Building Resilience in Streaming: A Security Checklist for IP Media Workflows


Sergio Ammirata Ph.D., RIST Director and Chief Scientist, SipRadius

Security is a critical part of any streaming or remote production workflow. With valuable media assets and live events being delivered over public and private networks, there’s simply no room for complacency. Industry protocols like RIST have raised the bar for secure and reliable transport, but the responsibility doesn’t stop there. True resilience comes from ensuring that every layer is aligned to minimize risk.

It’s also a growing challenge. At the 2024 World Economic Forum in Davos, Accenture presented research revealing that the number of organizations with a minimum level of cyber resilience had decreased by 30%. Small and medium-sized enterprises, such as those operating in the media and production space, are often worse than average.

Here are some key areas to review when assessing the security of your streaming infrastructure:


Are you certain that the architecture, routing, hosting and operating systems are the most appropriate for this particular stream?

Should you be insisting that all devices that process media run a specialist, dedicated media OS rather than some general Linux flavor which may or may not have the latest security patches?

Are all the points that your stream will pass through secured?

End-to-end security does not mean the first and last devices are protected, it means that every device is safe.
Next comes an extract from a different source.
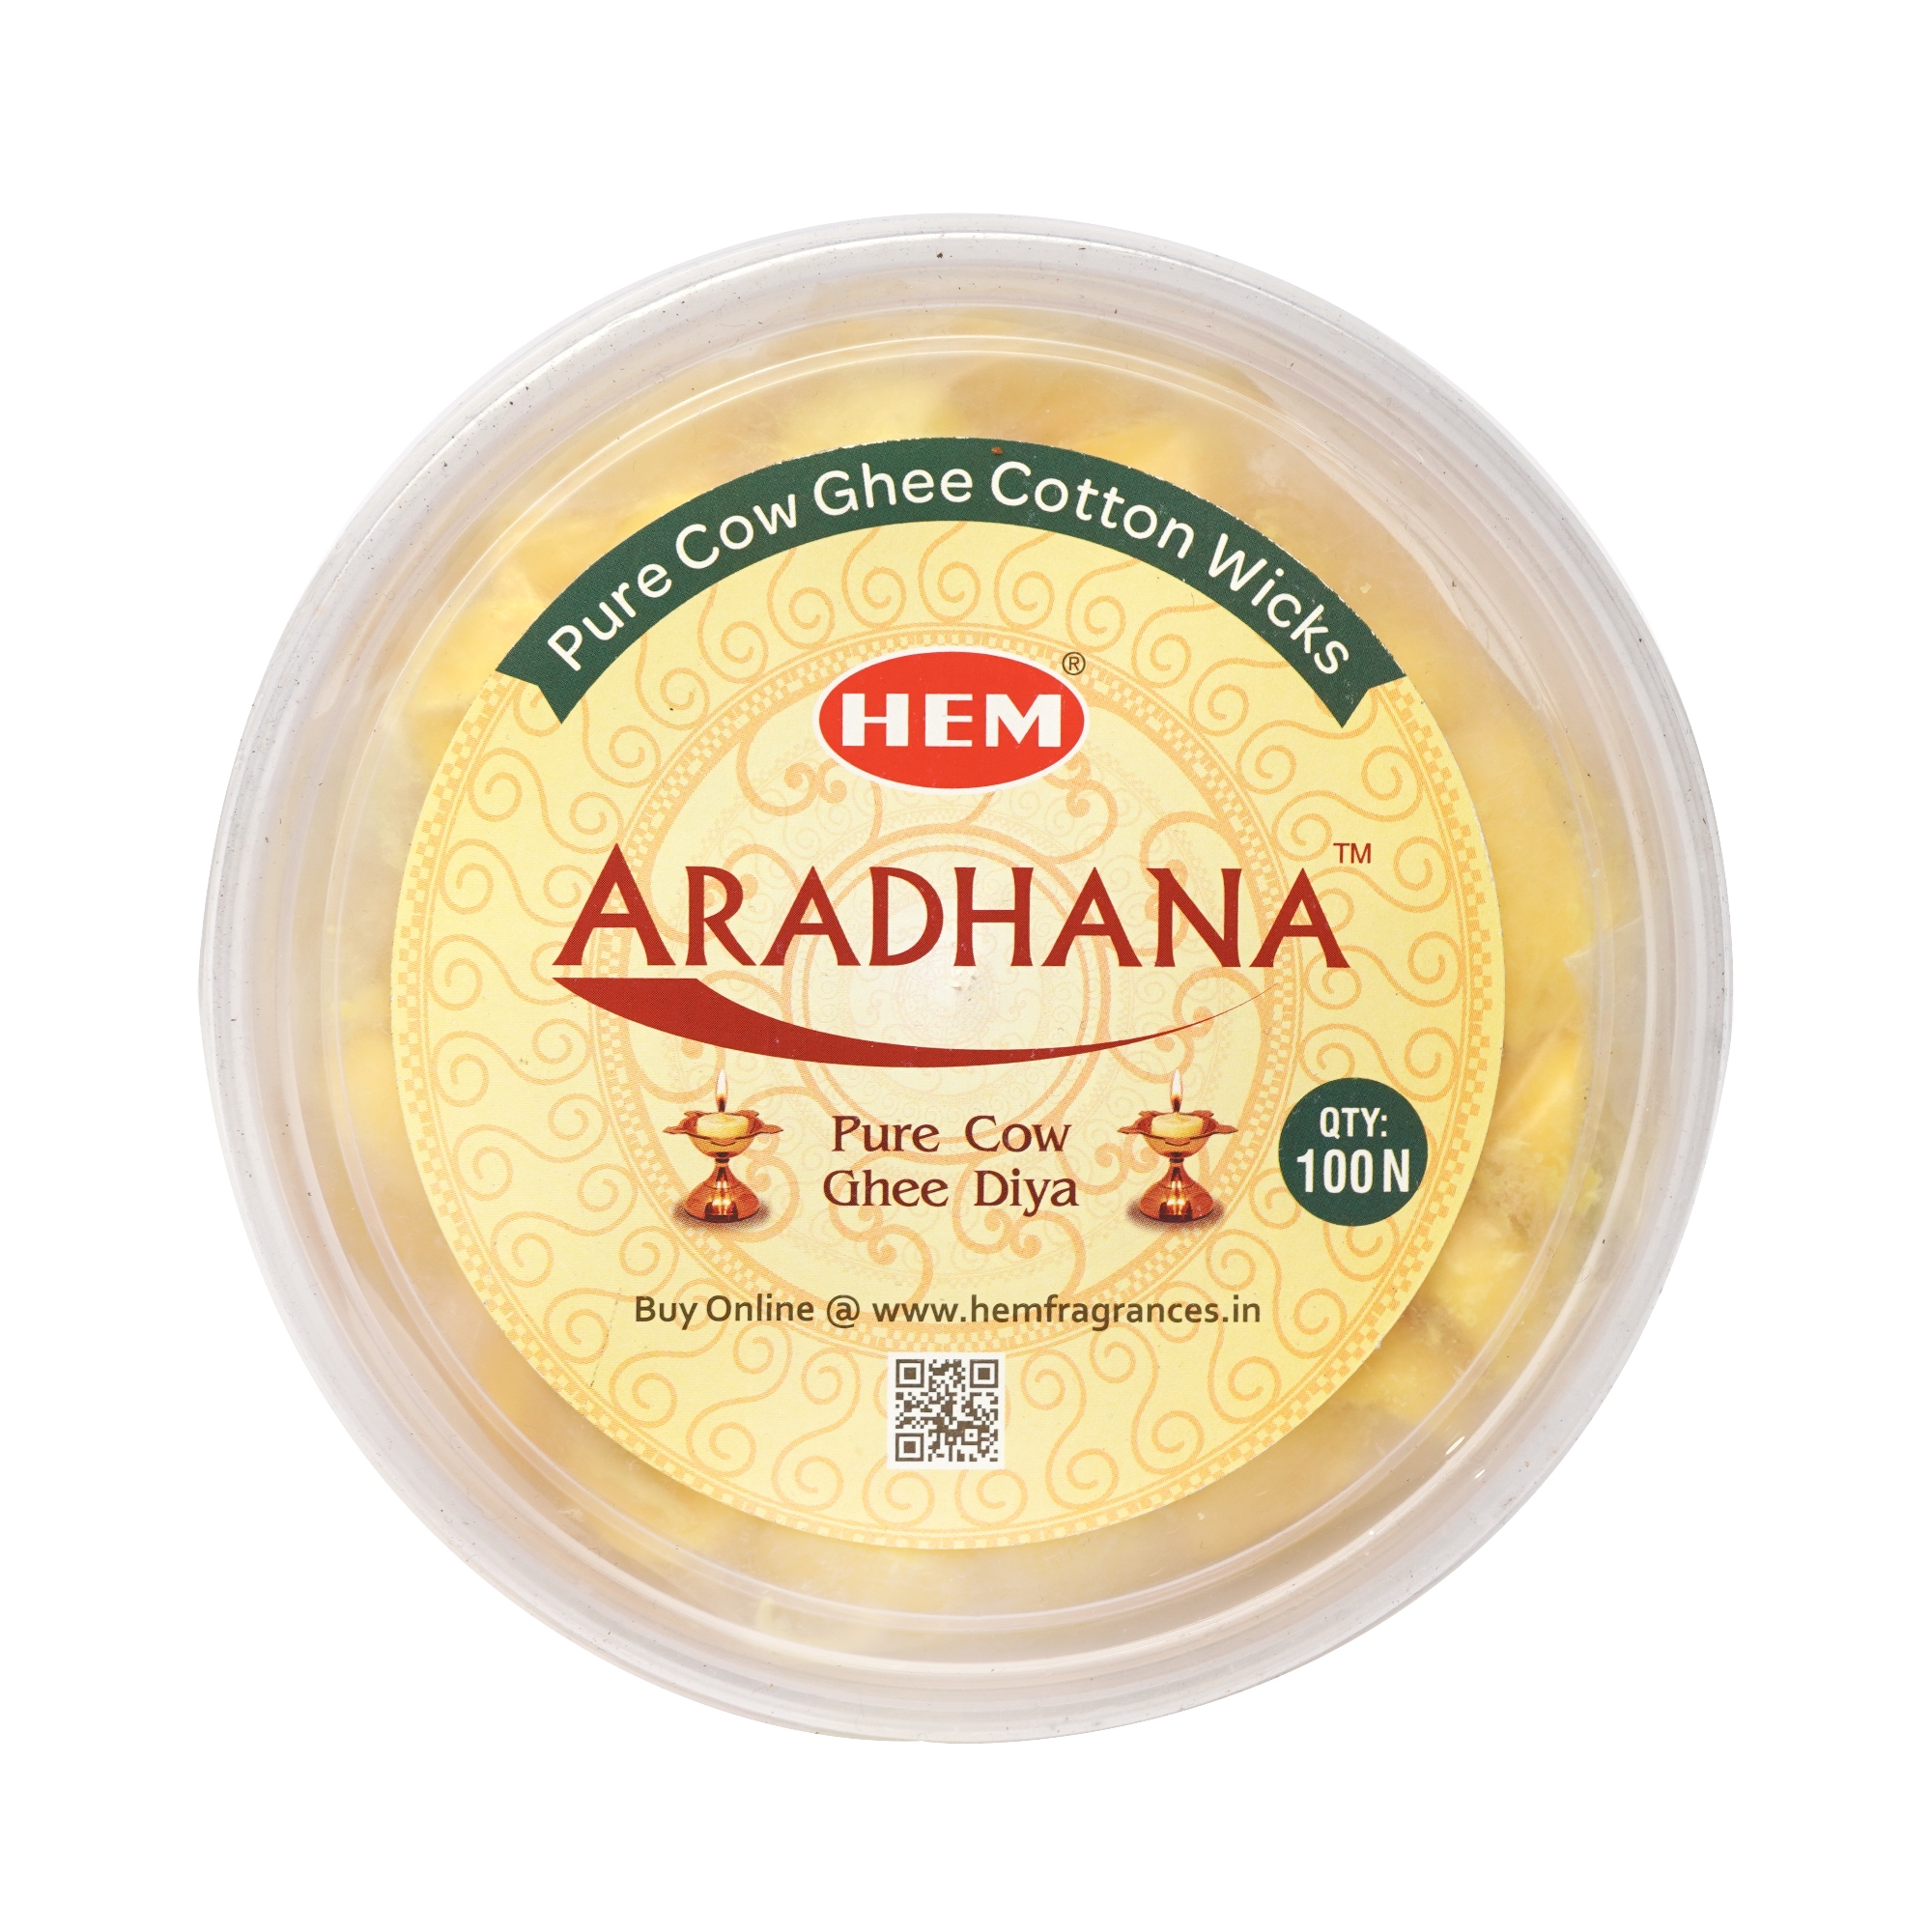 HEM Agarbatti launches Aradhana Cow Pure Ghee Diya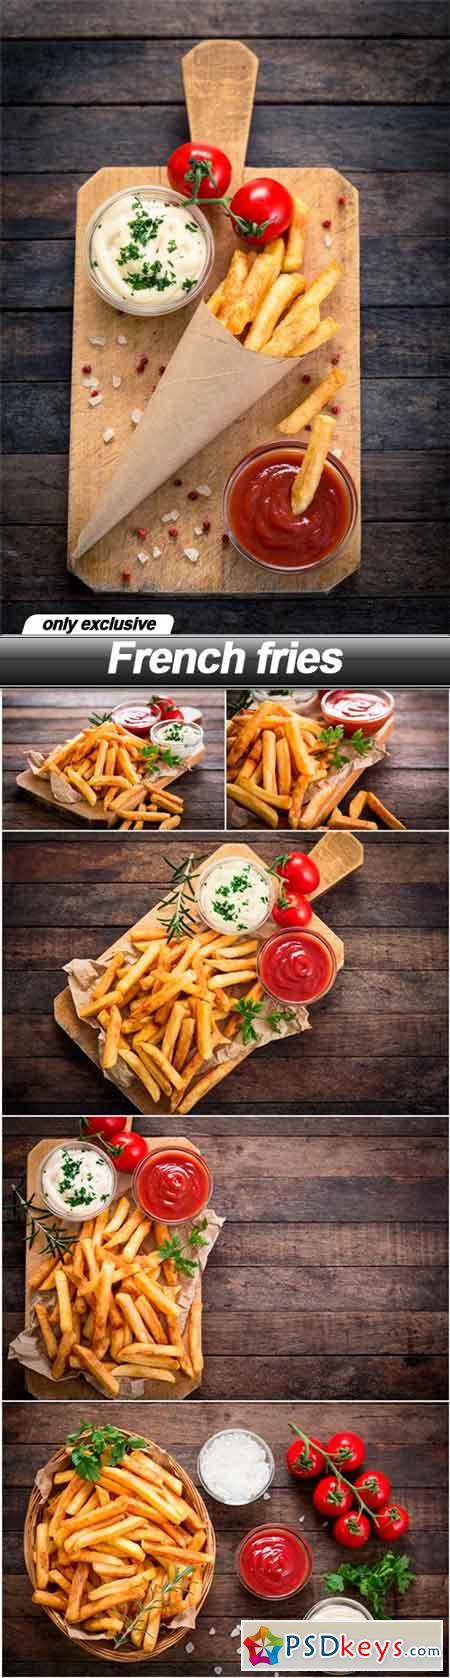 French fries - 6 UHQ JPEG

Virtual machines often run on Ubuntu, open source software with no-one taking responsibility for security and no guarantees that the latest vulnerabilities have been plugged.

At which points will the stream be decrypted, why, and how will it be secured?

Do you understand the architecture of the delivery network, and the technology employed at each point. The best way to protect content is not to decrypt it.

Is every device in the chain equally secure, or do some have backdoor access?

Not naming names, but there are well-known encoders on the market that store passwords in the clear. Backdoor access for system updates seems like a good idea, but can it also be used to access the user data on the device?

Is every point in the chain physically secure?

Hardware used to be kept inside a machine room, in the middle of the broadcast center, with multiple layers of card access protection. With remote production and ad hoc distribution, hardware can be anywhere. Compact devices can be left behind, so the bad guys can hack them at their leisure, learning all your IP addresses so they can disturb streams whenever they want.

Is the sign-on and password process robust?

Is access really restricted only to those who need it, and if one password is hacked does that open up the whole network?

Are your comms secure?

Intercom, text and document transfers are all part of remote production and delivery. Rather than a consumer-level system like Zoom or Teams, put them in the same secure stream as the content. Before someone asks for the destination IP address and someone else, in haste, replies in the clear.

Is all the production equipment security hardened?

Do critical pieces of kit need an internet connection to operate or validate licenses? Imagine waiting for the headline act at the biggest music festival of the year, and all the settings on the audio desk clear, and the PTZ cameras swing up to focus on the lighting rig.

Does any part of the production use open source software?

Have you evaluated it for security risks? Are the latest patches implemented and tested?

Have you tested and verified the complete system?

Then tested and verified again. Then developed a new testing and challenging protocol, and run that?


The reality is that vulnerabilities do exist across our industry, and the threat landscape continues to evolve. But with a clear understanding of the risks and a proactive approach to mitigation, media organizations can safeguard their content, protect their operations, and build greater confidence in their delivery chains.

Security isn’t something to be assumed. It’s something to be designed, maintained, and continually reviewed.